A Síndrome do Impostor na Maternidade: A Pressão Invisível que Assombra as Mães

A maternidade tende a ser uma das experiências mais significativas na vida de uma mulher. Entretanto, em virtude da forma como nós, mulheres, fomos educadas/moldadas perante a sociedade, algumas mulheres-mães podem desenvolver a Síndrome do Impostor. Embora este termo seja vivenciado por muitas pessoas, como psicóloga, ouso a dizer que na maternidade esta Síndrome é mais dolorosa.. Por que eu afirmo isso?

Você, como mãe, ou como ser humano que veio de uma mulher, ou que convive com mulheres que são mães, deve ter percebido o estado de vulnerabilidade que a mulher passa a vivenciar quando começa a experienciar a maternidade. O estado de vulnerabilidade potencializado com a Síndrome de Impostor não é uma combinação que eu considere saudável para um momento de extrema sensibilidade.

A Síndrome de Impostor gera dúvidas e angústias. A mulher passa a questionar sua conduta frente à maternidade: “será que eu sou boa?”, “será que estou fazendo do jeito certo?”, “fulana parece ter uma vida tão bem mais resolvida”, “por que ela consegue e eu não?”, “por que eu sinto que nada do que eu faço é o suficiente?”, “eu faço tudo para minha criança mas ela parece querer sempre mais”, entre outras.
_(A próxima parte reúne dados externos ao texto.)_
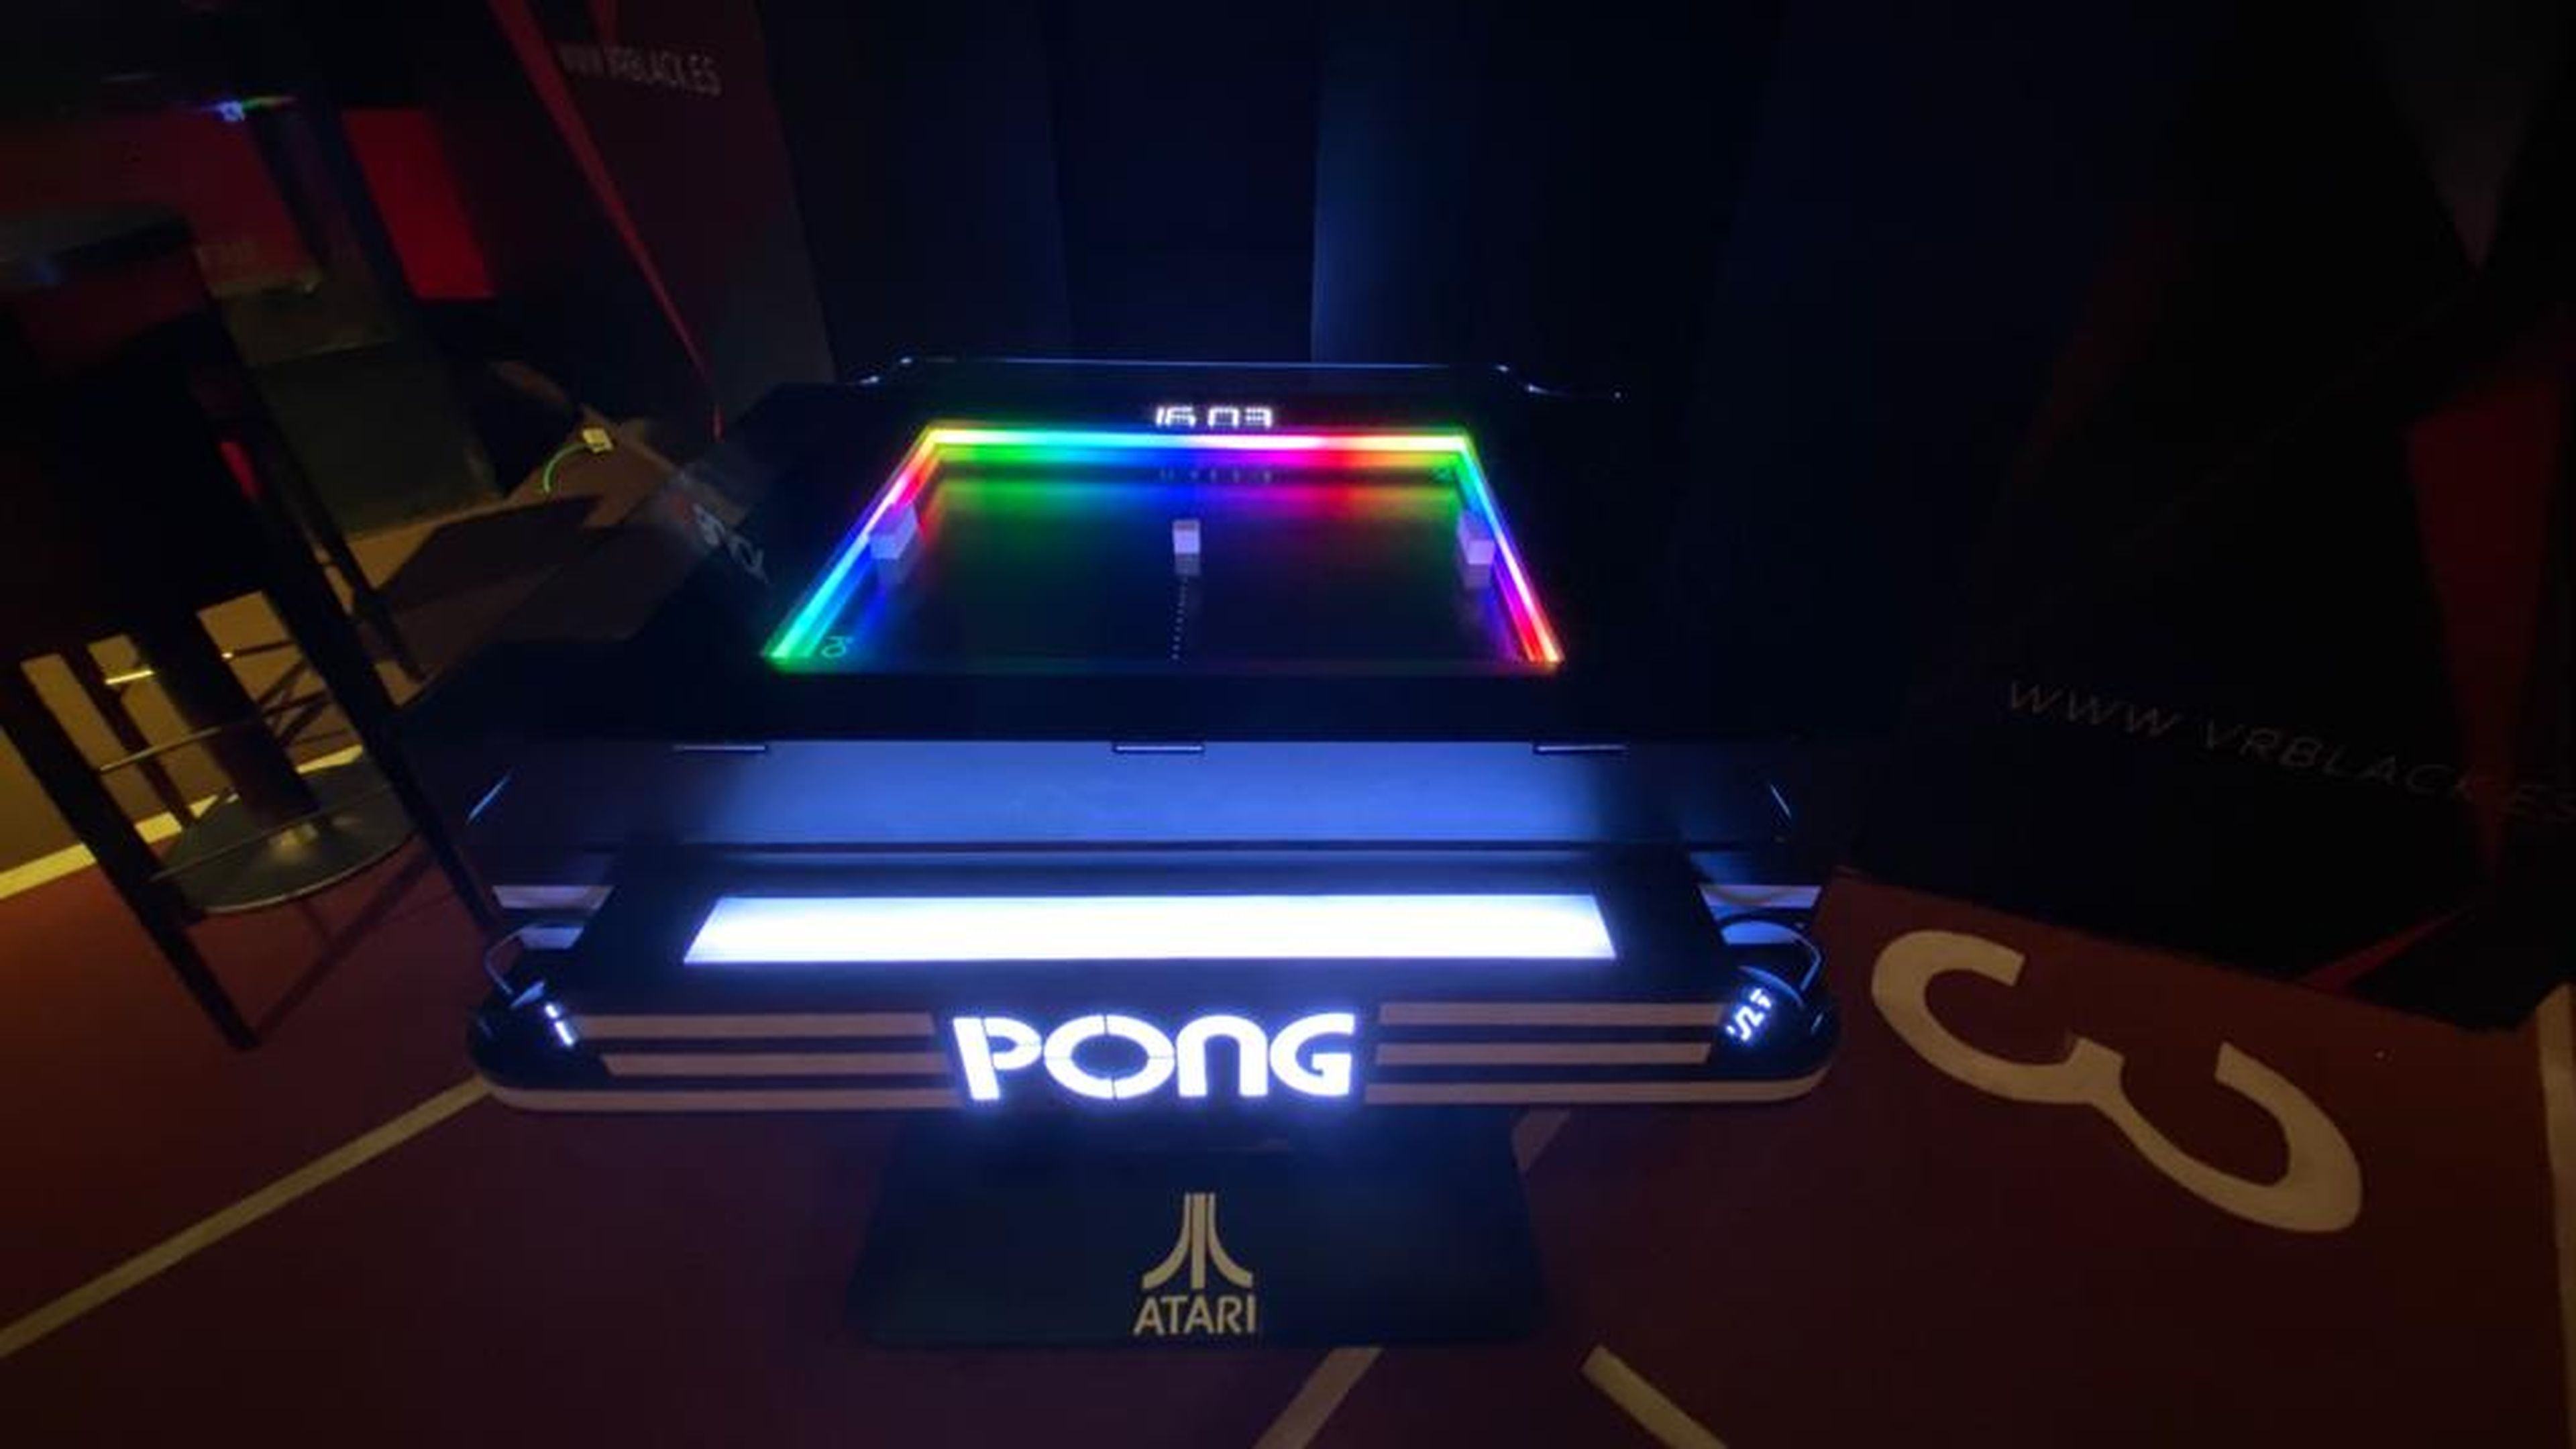 Por último, algo que llamo poderosamente mi atención y encantará a los nostálgicos: cuenta con una máquina de Pong totalmente operativa

Quando questões como estas são frequentemente trazidas mães, pode ser que esta pessoa esteja passando por um momento consideravelmente conflituoso. Afinal, “eu preciso cuidar do meu neném, mas como faço isso se eu não me sinto segura?”

Este artigo tem por intuito discorrer sobre o que pode vir a ser a Síndrome do Impostor na maternidade. Irei pontuar algumas experiências minhas como profissional que atende mães, e como lidar com este “momento”. Vamos lá?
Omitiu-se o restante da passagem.